Goal of the exercise: Every word in the data below belongs in your copy, exactly as given; the pictures do not.

Data block:
====

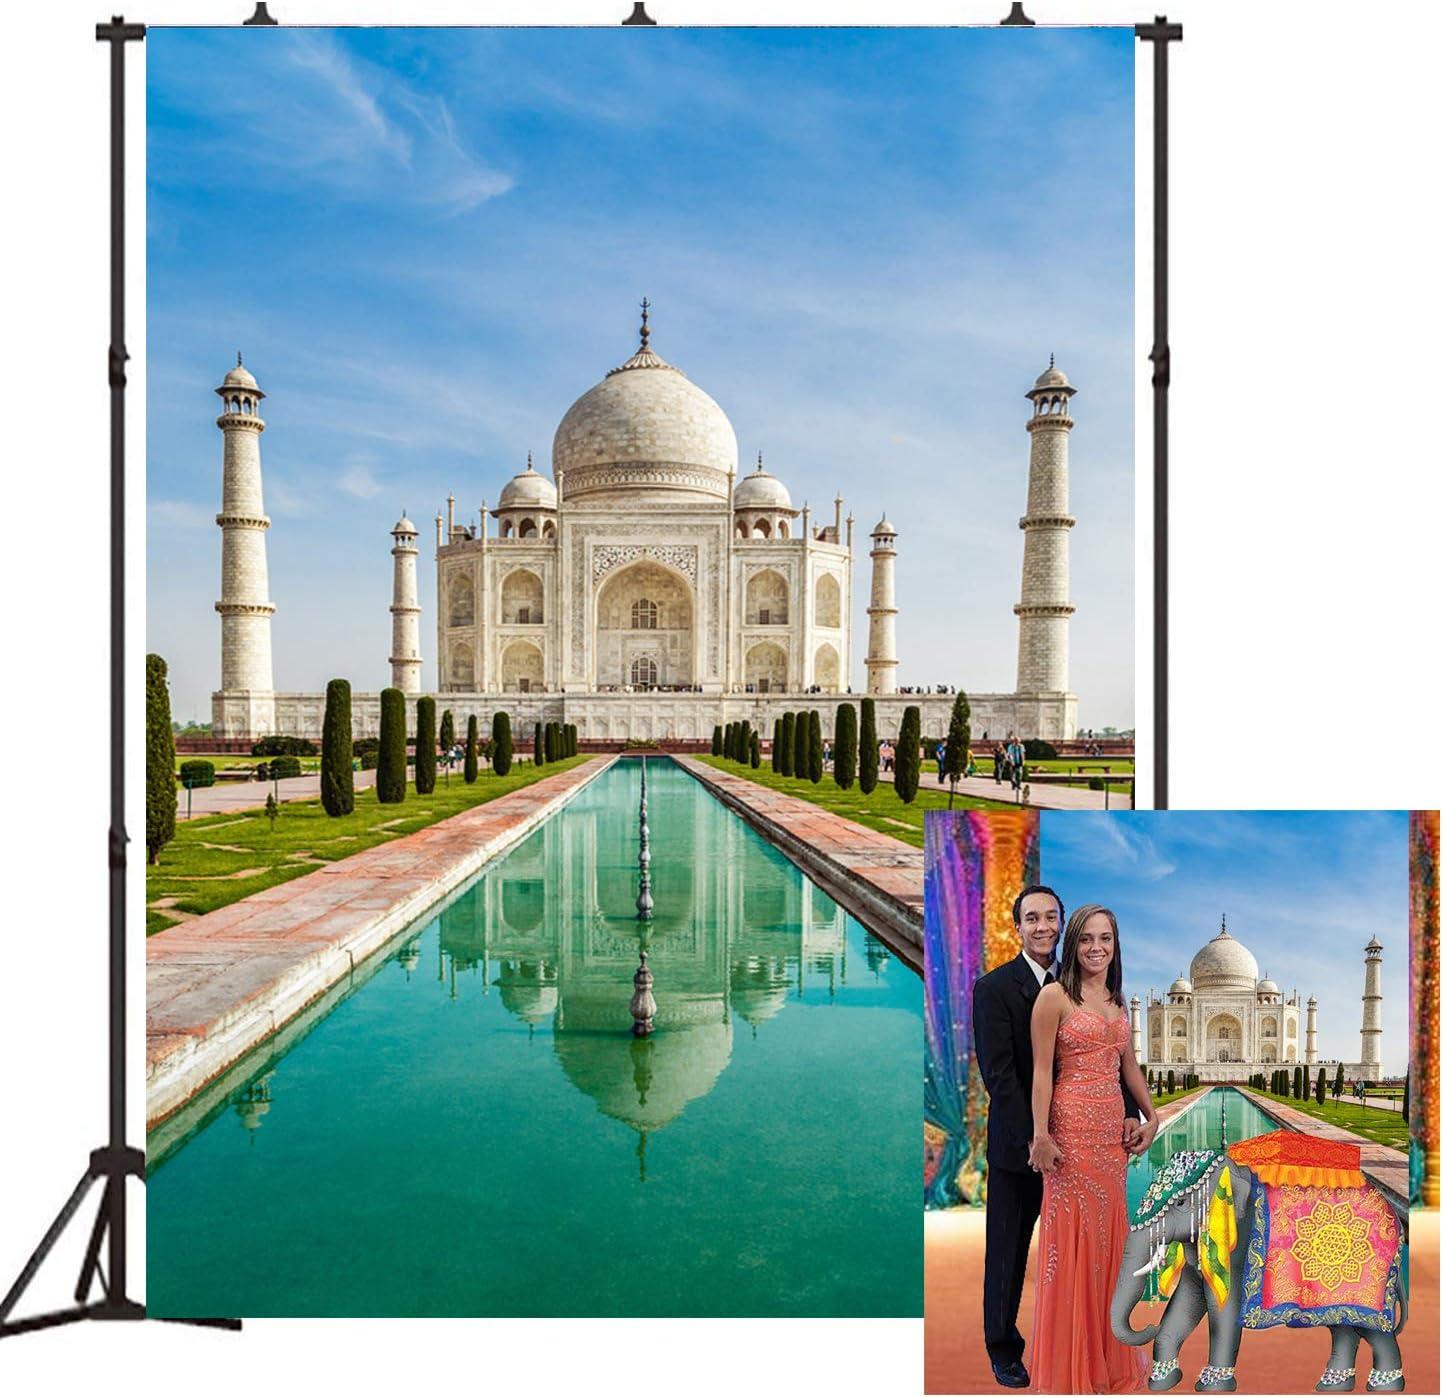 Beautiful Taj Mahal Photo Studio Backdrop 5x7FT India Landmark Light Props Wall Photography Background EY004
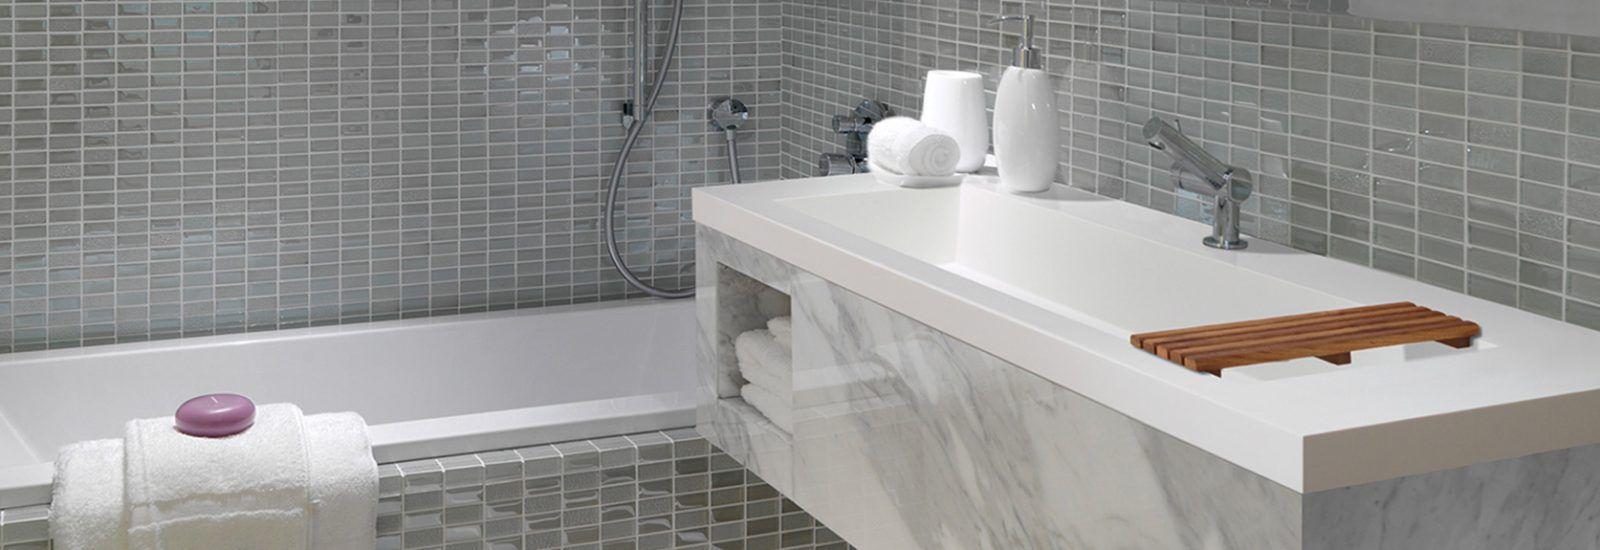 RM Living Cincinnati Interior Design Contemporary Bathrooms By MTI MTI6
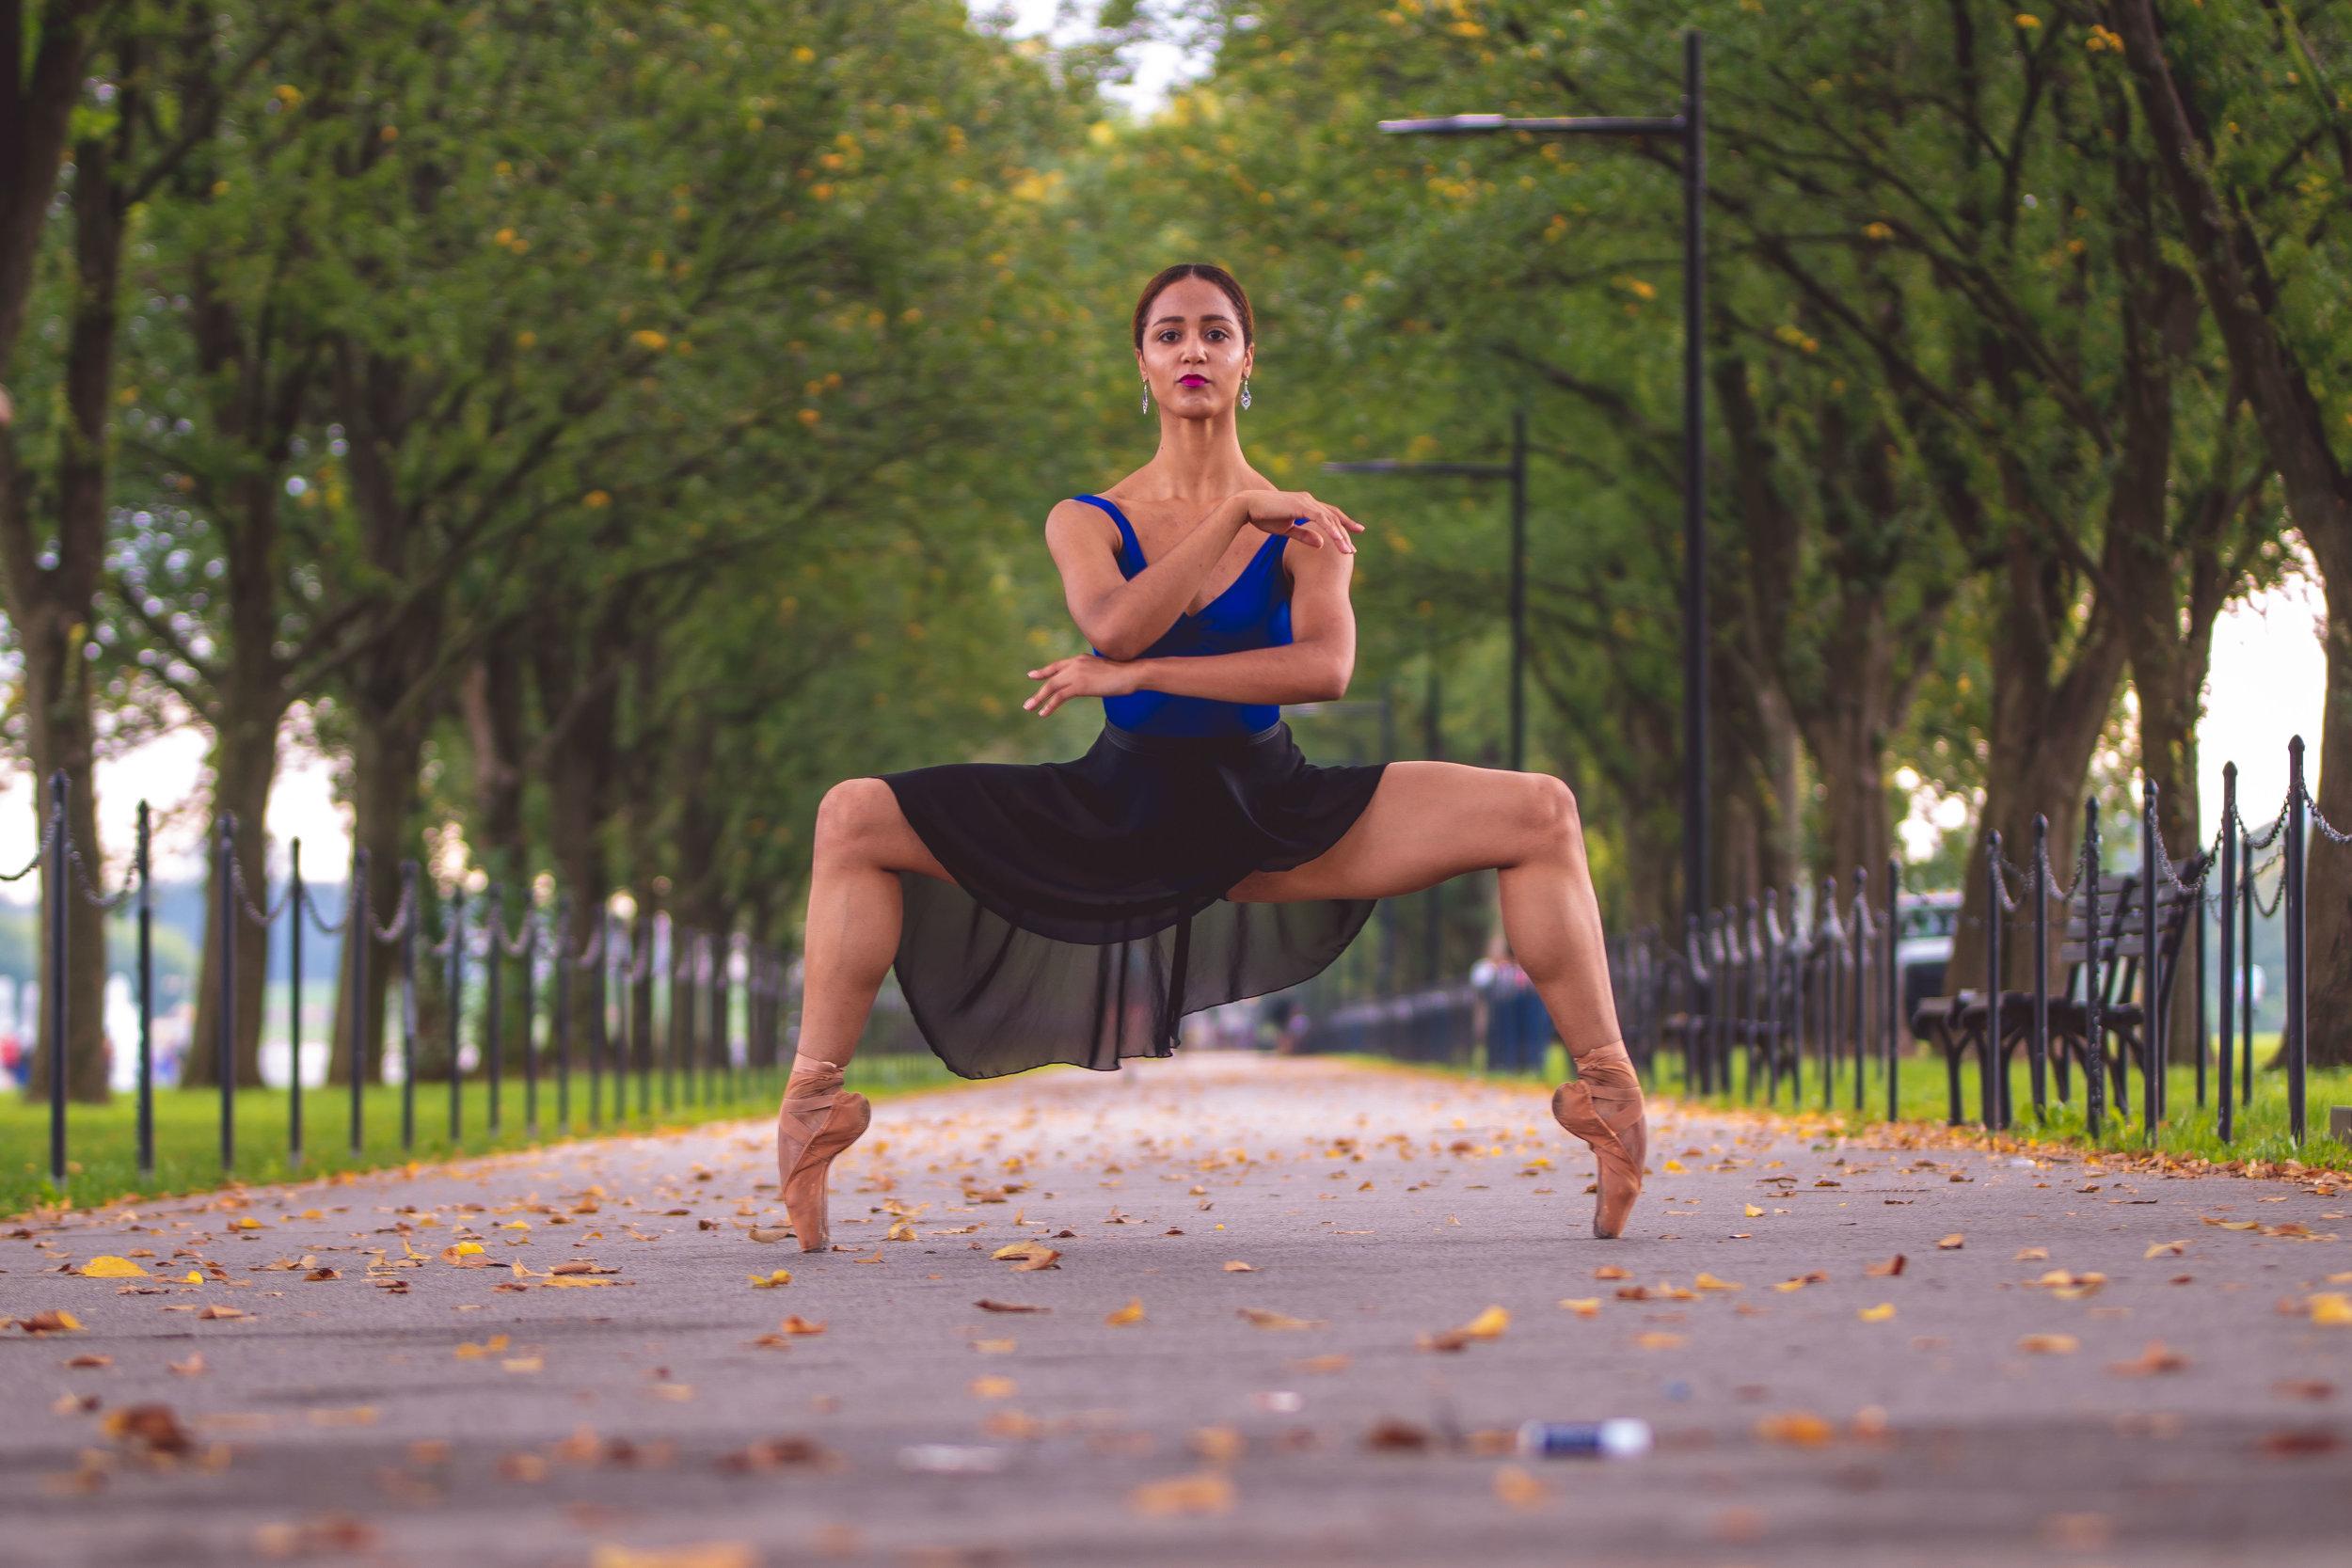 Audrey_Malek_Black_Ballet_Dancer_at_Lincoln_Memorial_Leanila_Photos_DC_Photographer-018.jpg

====

Output for this task:
 Beautiful Taj Mahal Photo Studio Backdrop 5x7FT India Landmark Light Props Wall Photography Background EY004
 RM Living Cincinnati Interior Design Contemporary Bathrooms By MTI MTI6
 Audrey_Malek_Black_Ballet_Dancer_at_Lincoln_Memorial_Leanila_Photos_DC_Photographer-018.jpg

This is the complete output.